著者・森毅の激烈な言葉が心に気持ちよく(それは同時に痛みでもある!)響く本だった。印象に残った言葉をあげてみる。
「解き方」を知っていて解く、なんて癖は、受験本番にはむしろ有害だ。
量にたよるというのは「勤勉」という名の知的怠惰にすぎない。
高校受験、大学受験に励んでいた頃、私はまんまと「解き方」を知れば問題を解けるようになると思って「解き方」を知ることに力を注いできたし、量に関しては、恥ずかしながら「勤勉」にはやってこなかった。そりゃあ受験がうまくいかなかったわけだ、と妙に納得しながら読んだ。
かといって、中学生・高校生の頃の自分に読ませたいかというと、そうでもない。なぜなら、あの頃はあの頃で、今の私とは人間が違うし、過去の自分が読んだところでうまく理解できまい。
それに、野矢茂樹(東京大学名誉教授、立正大学教授)による解説が示すとおり、著者の刺激的な言葉をうのみにしてはならない。当時の私なら言葉をうのみにして誤った方向へ進んだだろうな。多分、もっと失敗したと思う。
だから、タイトルは『数学受験術指南』だけれど、受験生が読む場合には「これは受験生が求めるようなノウハウ本ではないよ」と伝える必要があると考える。
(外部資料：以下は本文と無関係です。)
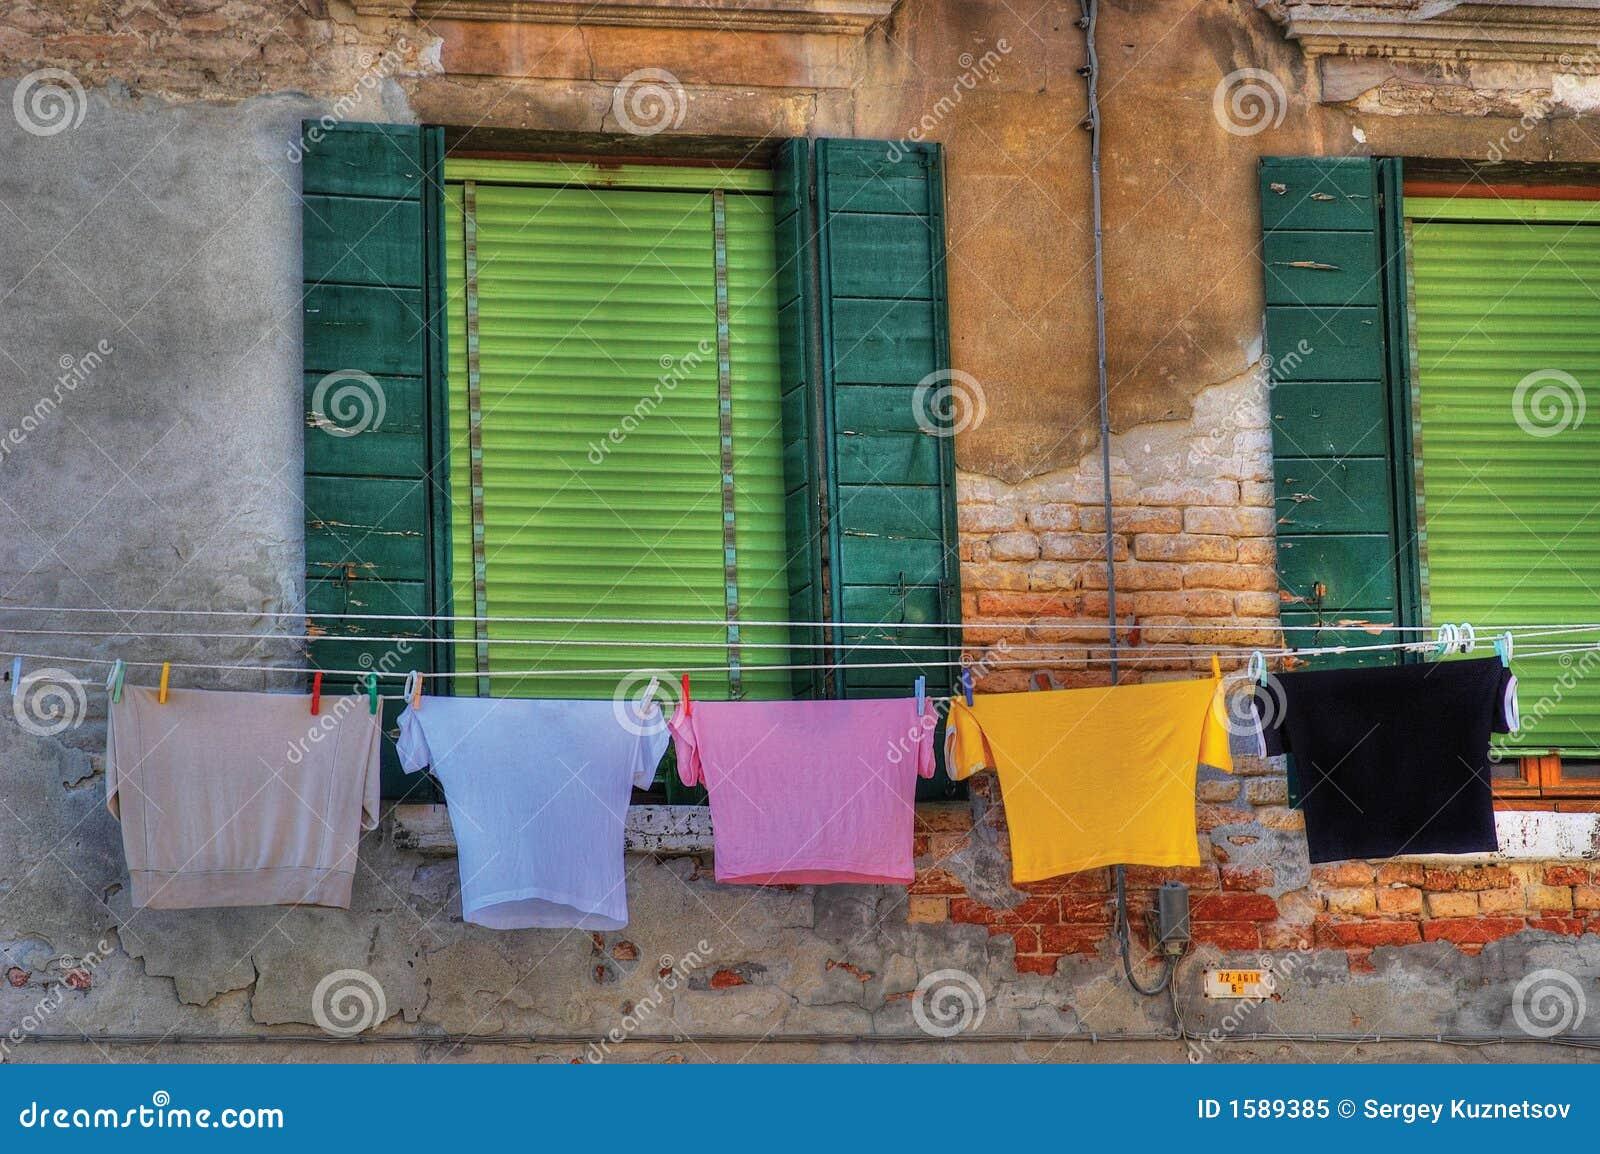 Lavanderia di secchezza nello stile di Venezia.

参考書ではないのだ。
著者は、第1章「受験は精神より技術で」の中で、受験のために身につける技術はあくまでも自分のものであると書いている。確かに本作ではいくつかの技術が記されている。けれど重要なのは、自分だけのやり方を見つけることである。
この本を読んで、真似してみるところまではアリだと思う。だが、自分のやり方にならないなら意味がない。
著者は中学・高校・大学で学ぶ数学と、受験のための数学の違いを記し、取り組み方にも違いがあると書く。加えて解説で野矢茂樹が書くとおり、数学が苦手だが受験には必要だという人向けのやり方はある(野矢茂樹自身も解説内で述べているが、この方法は著者が推奨する取り組み方とは真反対に位置する)。
とはいえ、Aというやり方がよくて、Bというやり方はよくない、といった趣旨の本ではない。とにかく大事なのは、たくさんの選択肢の中から自分のものにする技術。
読む人自身、たとえば受験で数学を突破したい人自身にとって、数学を理解すること以上に受験を突破することが重要なのであれば、著者の森毅が推奨する取り組み方ではない方法であってもいい。そんな風に思えた。
受動的でなく能動的に取り組む。その姿勢の話をしていると思った。だから副題が「一生を通じて役に立つ勉強法」なのではないだろうか。受験以上の話がここには書かれている。
この本が受験の話であり、数学の話であるのは確かだが、同時に人生訓でもある。著者曰く“ミニ人生訓めいた”コラムには考えさせられるものがある。「ティーラウンジ」と評されたコラム集を読むだけでも面白いと思う。